The legal controversy fomented by the indefinite detention of two American citizens in military prisons is being very closely watched and loudly debated as their cases go through the judicial appeals process.
The issue: Does President Bush have the constitutional authority to unilaterally declare an American citizen an enemy combatant, thus denying him or her due process and other rights?
It is an issue many legal analysts believe may become the first significant terrorism-related question to arrive at the US Supreme Court, perhaps as early as next year. It remains unclear how the high court may rule.
Yaser Hamdi and Jose Padilla are being held in military prison without access to lawyers or the opportunity to challenge the legality of their detention.
Mr. Hamdi surrendered as a member of the Taliban forces in northern Afghanistan last fall. He was turned over to US intelligence officials, who classified him as an enemy combatant and placed him in military custody.
Mr. Padilla is alleged to have discussed with an Al-Qaeda leader the possibility of exploding a radiological "dirty-bomb" in the US. He was arrested upon arrival at Chicago O'Hare airport in May and held until being classified as an enemy combatant and transferred to military custody
Government lawyers maintain both men violated the laws of war by supporting terrorism. As unlawful enemy combatants, they are not entitled to constitutional protections despite their US citizenship, they say.
Civil libertarians counter that under America's system of government by checks and balances, American citizens detained within US borders are entitled to the full protections of the Constitution. And that includes an opportunity to appear before a neutral judge to test the government's allegations. They say the president is abusing his power as commander in chief by applying battlefield justice within the American homeland.

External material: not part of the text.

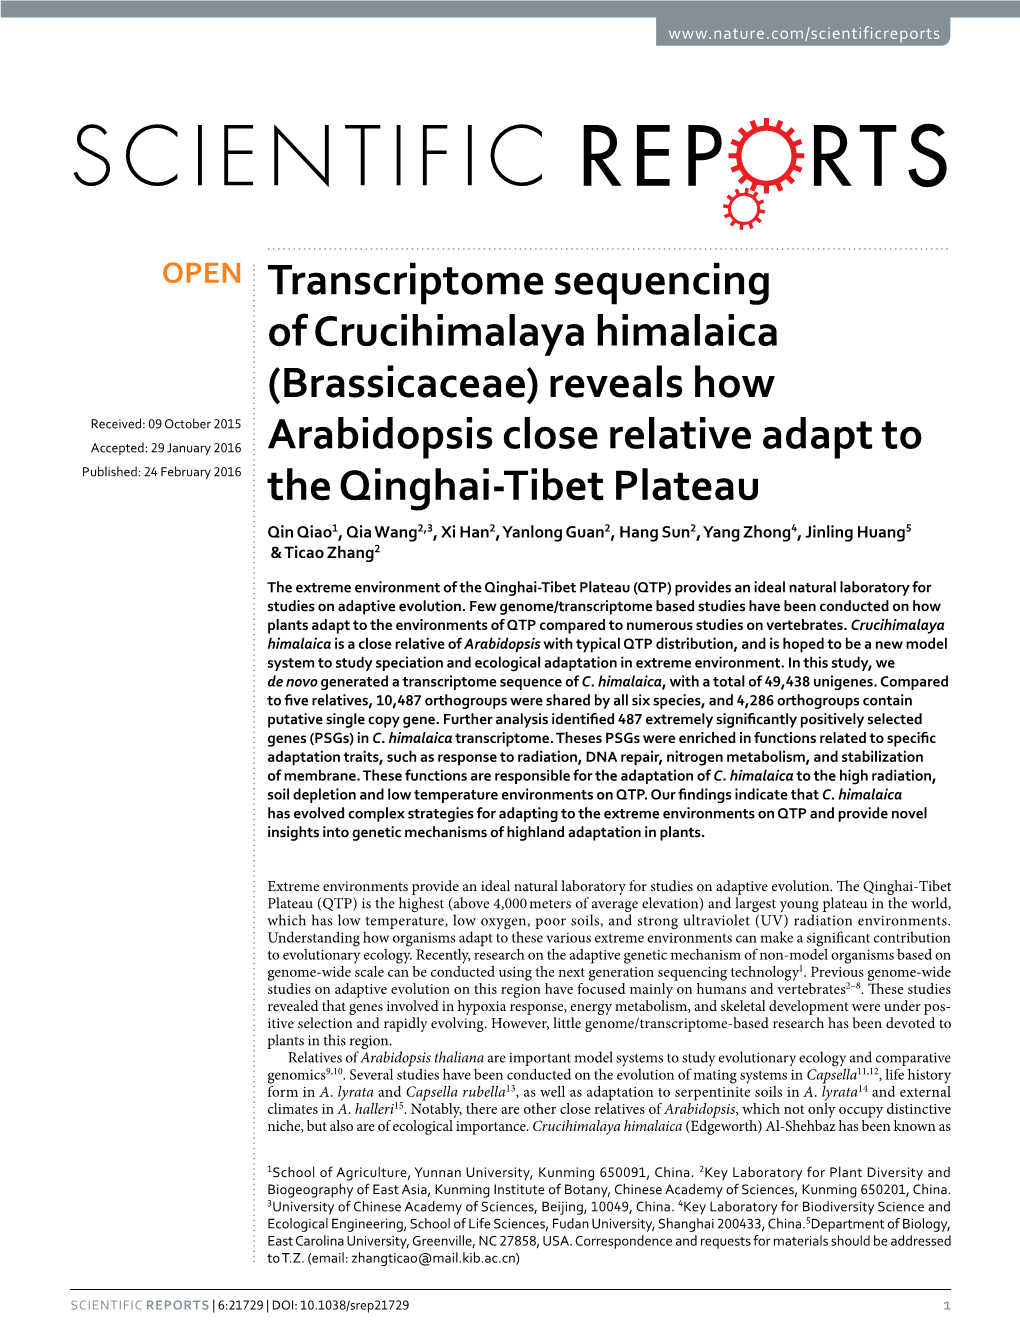 Transcriptome Sequencing of Crucihimalaya Himalaica

"Americans should be shocked," says Jonathan Turley, a professor at George Washington University Law School. "The way Hamdi and Padilla are being treated is an affront to the rule of law."
Ruth Wedgwood, a law professor at Yale University, disagrees: "I think the first duty of government is to protect innocent lives."
All analysts agree there is more at stake than just the future liberty of two accused Al-Qaeda sympathizers. The Padilla and Hamdi cases touch on many of the same issues directly confronted by Abraham Lincoln, Franklin D. Roosevelt and other wartime presidents over the proper scope of their power during times of national emergency.